1. ## Circles area proving

The diagram shows a rectangle abcd inscribed in a circle. Given $\displaystyle AB=4x$cm and $\displaystyle BC=8$ cm, show that the area, $\displaystyle P cm^2$ of the shaded region is given by $\displaystyle P = 4(\pi x^2+4 \pi -8x)$

2. [quote=Punch;527303]The diagram shows a rectangle abcd inscribed in a circle.
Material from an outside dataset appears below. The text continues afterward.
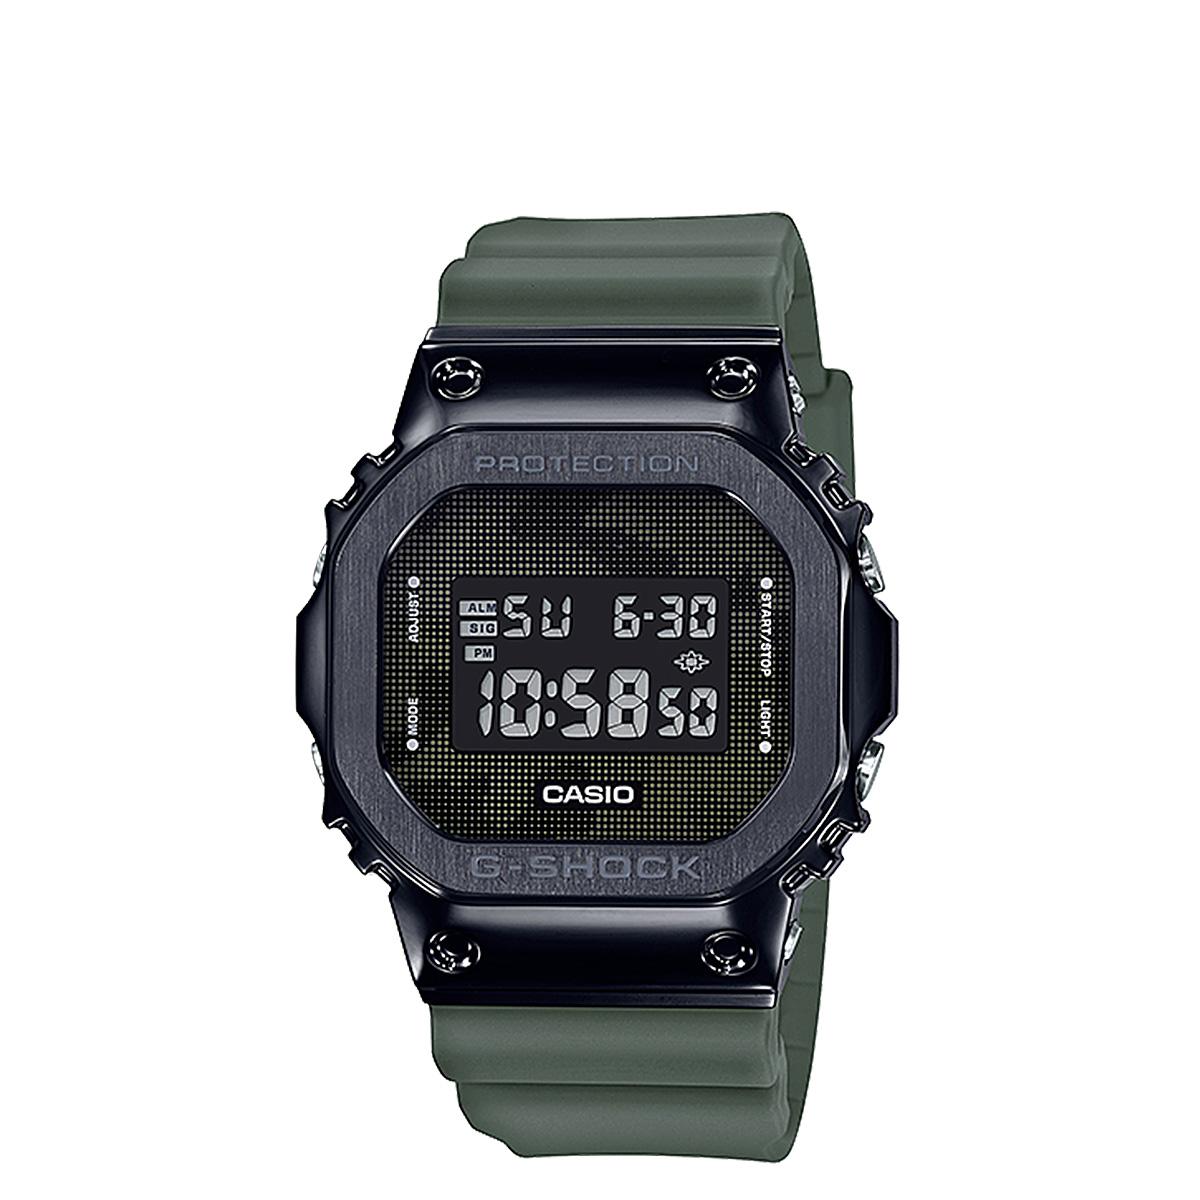 CASIO G-SHOCK カシオ 腕時計 GM-5600B-3JF ジーショック Gショック G-ショック メンズ レディース メタル ブラック 黒:ALLSPORTS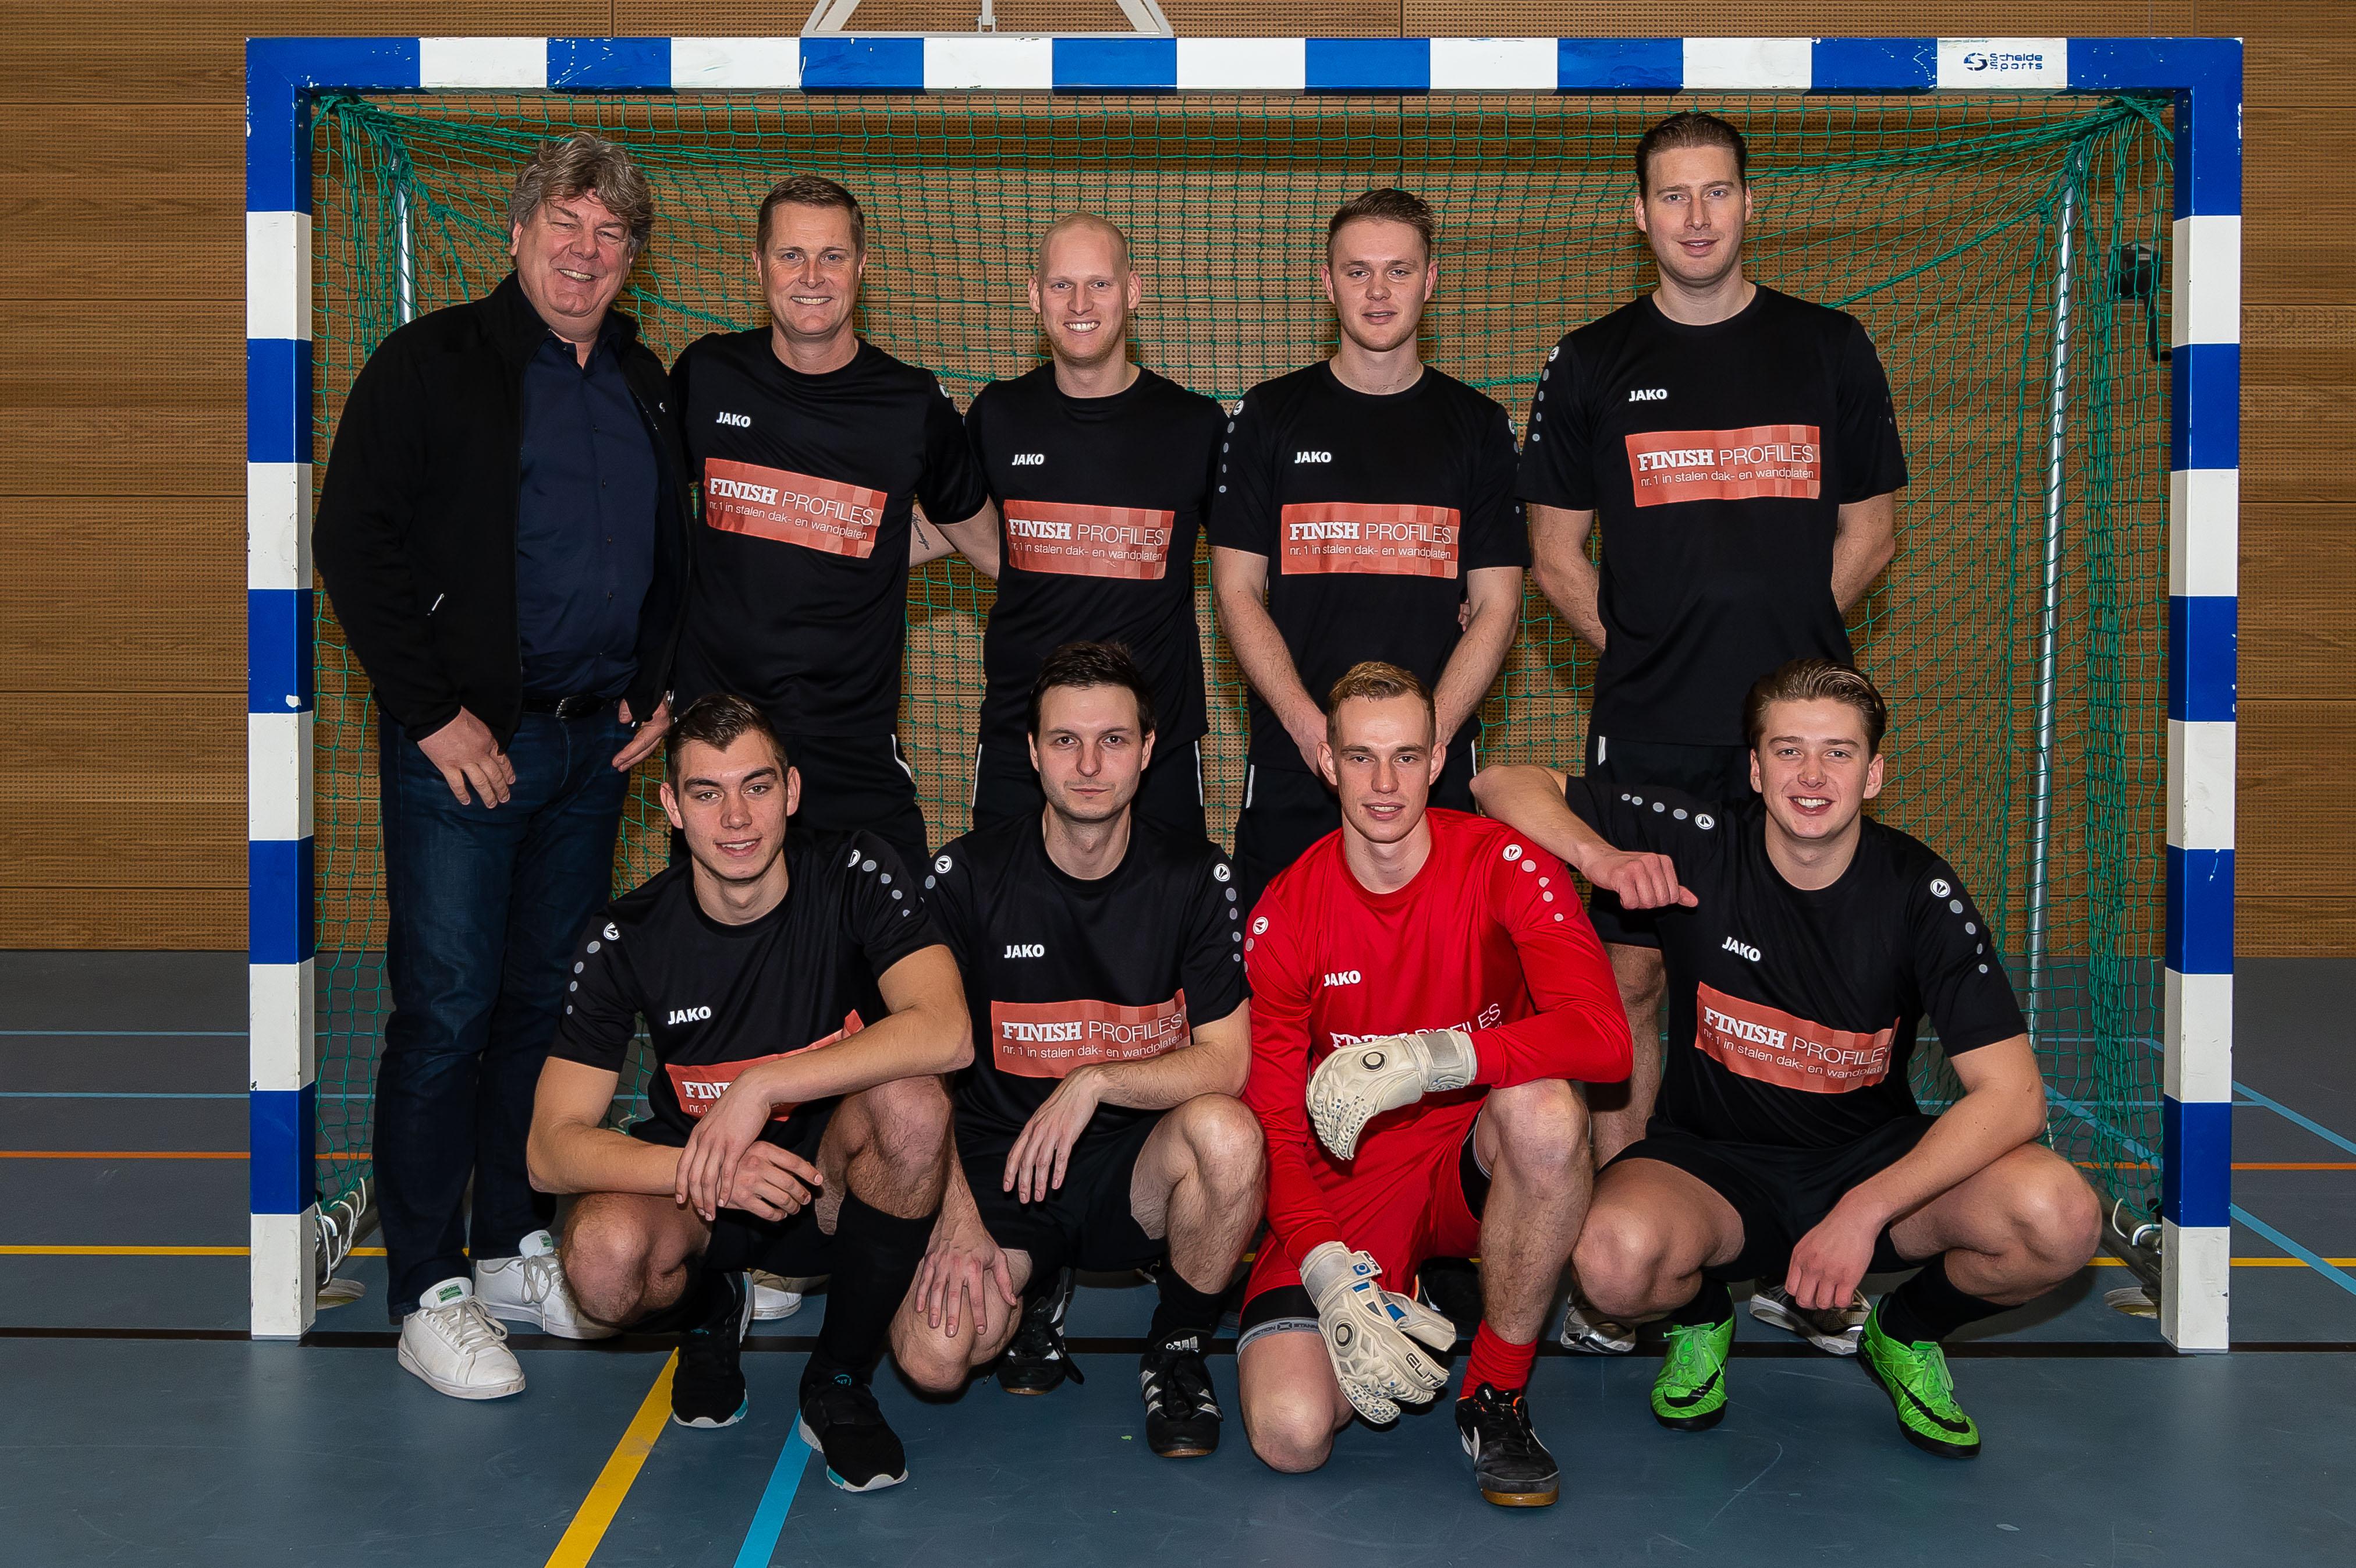 Het winnende team met de Finish Profiles Cup. (Foto: Han Giskes) rodi.nl © rodi

Given $\displaystyle AB=4x$cm and $\displaystyle BC=8$ cm, show that the area, $\displaystyle P cm^2$ of the shaded region is given by $\displaystyle P = 4(\pi x^2+4 \pi -8x)$

You can work out the diameter using the Pythagorean Theorem.

$\displaystyle (4x)^2 + 8^2 = D^2$

$\displaystyle 16x^2 + 64 = D^2$

$\displaystyle D = \sqrt{16x^2 + 64}$.

Therefore the radius $\displaystyle r = \frac{\sqrt{16x^2 + 64}}{2}$.

So the area of the circle is

$\displaystyle A_{\textrm{Circle}} = \pi r^2$

$\displaystyle = \pi \left(\frac{\sqrt{16x^2 + 64}}{2}\right)^2$

$\displaystyle = \pi \left(\frac{16x^2 + 64}{4}\right)$

$\displaystyle = \pi (4x^2 + 16)$

$\displaystyle 4\pi x^2 + 16\pi$.

Now if we work out the area of the rectangle,

$\displaystyle A_{\textrm{Rectangle}} = 4x \cdot 8$

$\displaystyle = 32x$.

So the area of the shaded region is

$\displaystyle A_{\textrm{Shaded}} = A_{\textrm{Circle}} - A_{\textrm{Rectangle}}$

$\displaystyle = 4\pi x^2 + 16\pi - 32x$

$\displaystyle = 4(\pi x^2 + 4\pi - 8x)$.